When someone leaves us there is a feeling of abandonment. Absence creates a void, and we wonder what will fill it. Absence means silence—no wonder we fear it, try to avoid it, find ways to cling to the presence, try to do anything to avoid acknowledging our emptiness.
The Jesus who walked this planet, who called fishermen to become teachers, who turned water into wine and transformed hardened hearts into generous givers is gone forever. Like the disciples, I have a million questions for him, too: “What’s to become of me? Are you sure you aren’t going to abandon me? Can I trust the God you revealed to me?” His divine presence sometimes gives way to an awful absence.
But Ascension Day isn’t just about bon voyage. Not just about “Why are you gawking up at the heavens?” Like you and me, the disciples probably wished they too could have simply ascended into the clouds, leaving the struggles of life behind, leaving the heartache and fear and disappointment and sorrow. But that’s not the plan, as Luke tells us. We must get on with God’s work, and bring a new awareness to a world that is often impoverished in spirit. We don’t have time to linger looking into the clouds for Christ: we are Christ now. We are the divine presence.
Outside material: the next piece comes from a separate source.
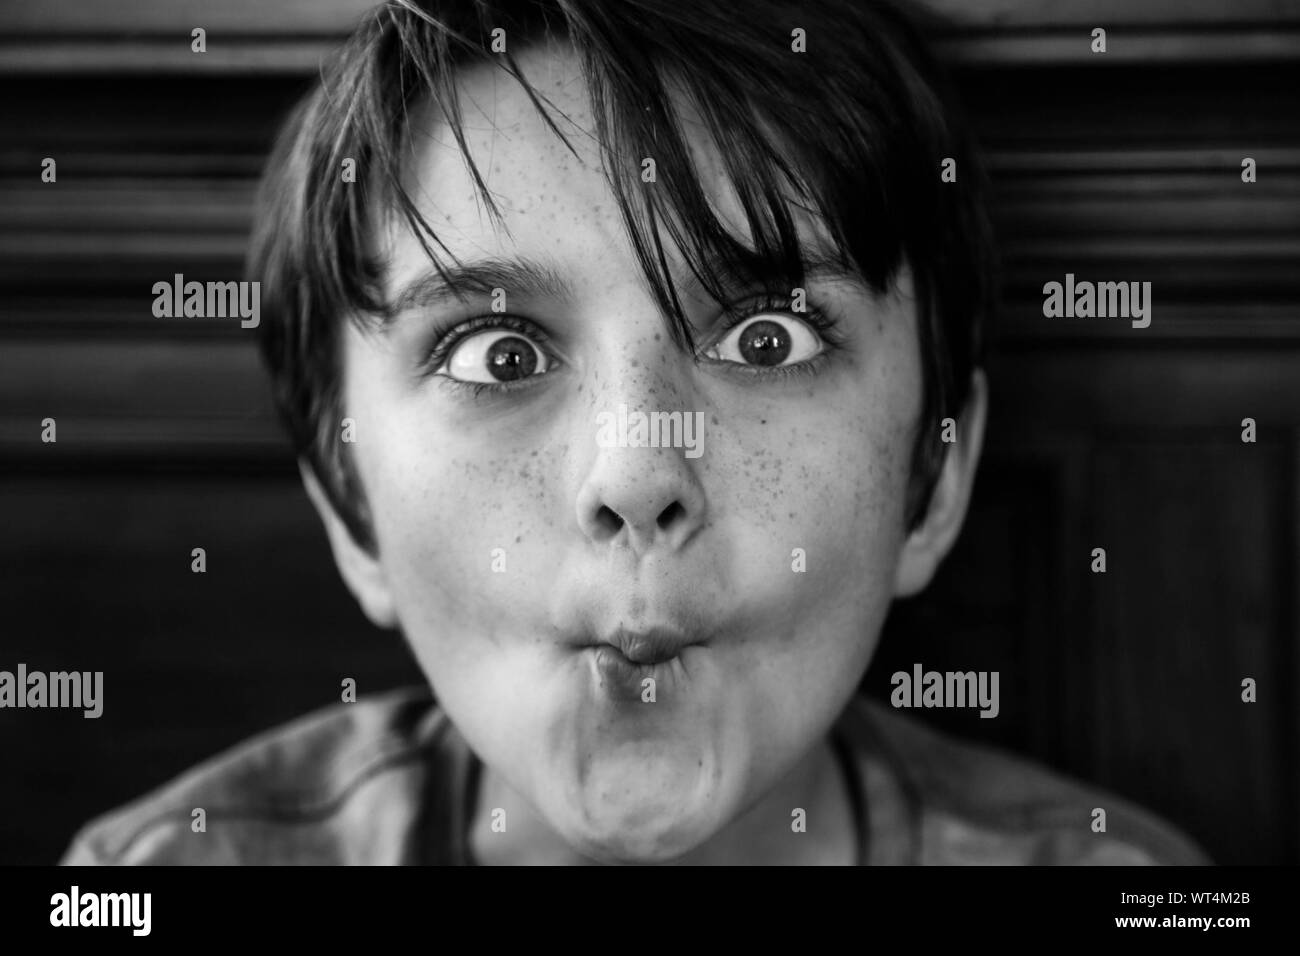 Young Boy Making Silly Face Stock Photo

The Spirit has made us a community of power and presence, reminding us that we have the ability to change ourselves and the world if we choose. This Spirit is the Comforter that Jesus has promised us during the long absence until he returns—whether that is a literal return or a metaphorical way of saying that someday the world will finally take him seriously and co-create the Reign of God on earth. The Spirit is the Empowering One who will lead into the work to which God has called us. The Spirit will speak in new ways through our tongues of God’s love to all those we meet who need to hear the news that they are okay just the way they are. That they are loved. That they can stop running. The Spirit will strengthen and fortify our hearts to bring down the fences we have built that keep us separated from each other.
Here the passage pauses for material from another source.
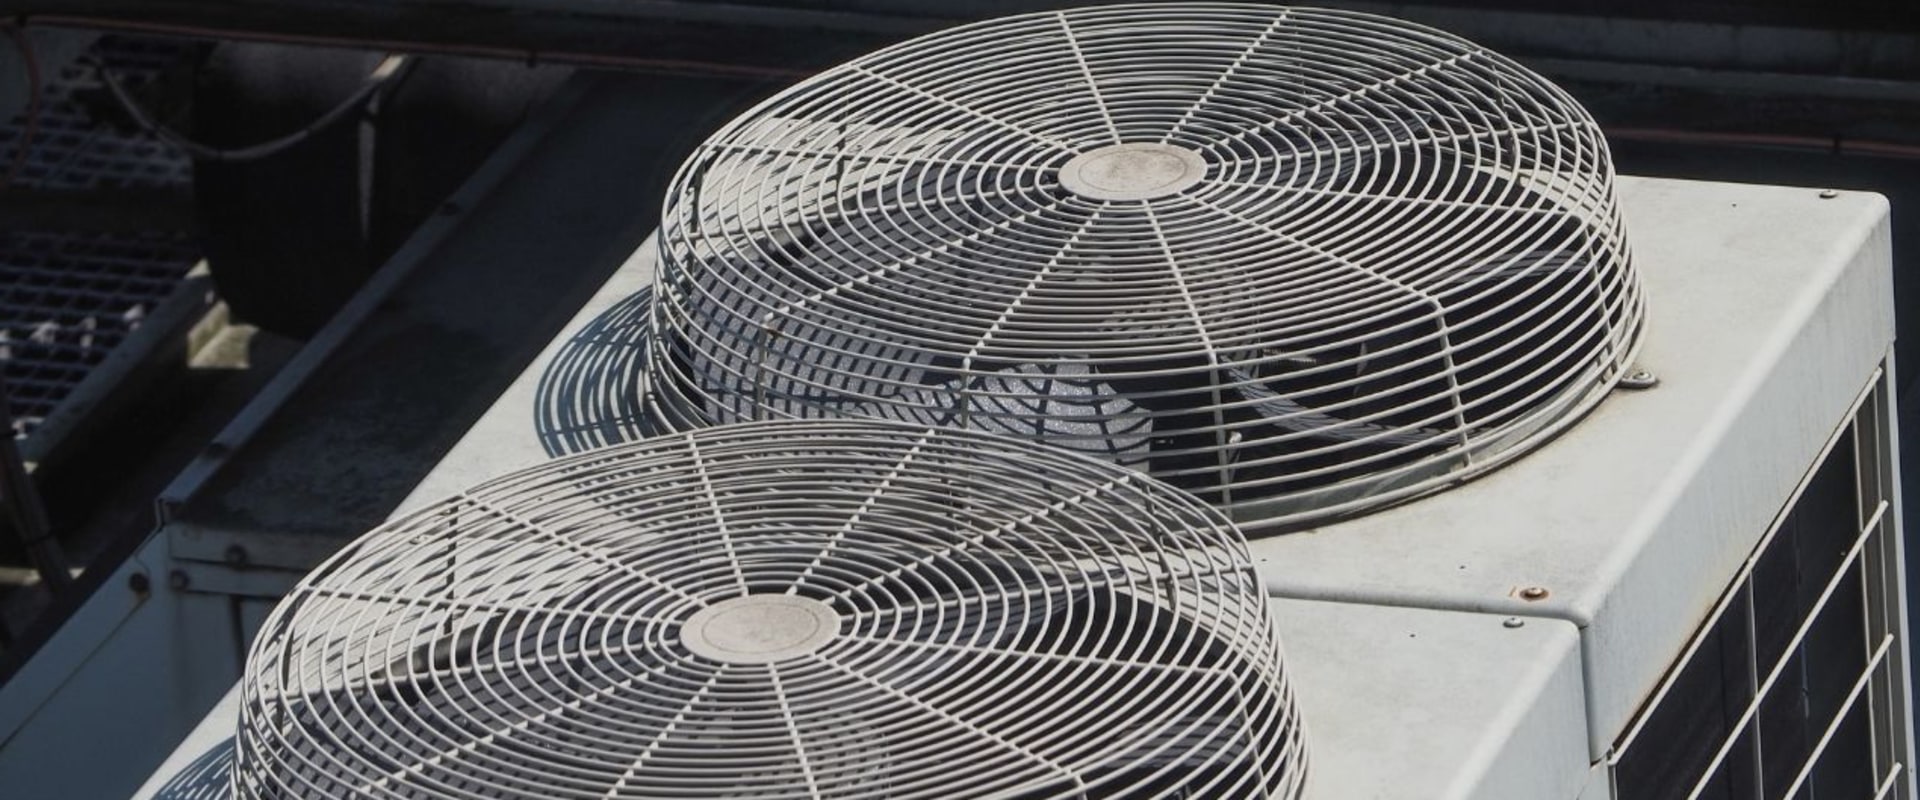 What are the most common types of hvac systems?

We are in that space between presence and absence on this Sunday, but we are not alone. Jesus is constantly coming and going through our world, in and out of our lives through the many people we meet and in the affection of those we are meant to encounter. Through the promised Spirit and the community of the Church, we continually meet Christ, and we become Christ so that God’s love can be made known with power and boldness. We can’t fix all the world’s violence and hurt overnight perhaps, but you and I have a garden to cultivate. We have people right next to us who are hurting. We have everything we need right now to manifest the Reign of God in our hearts. We are the Presence. We are not alone.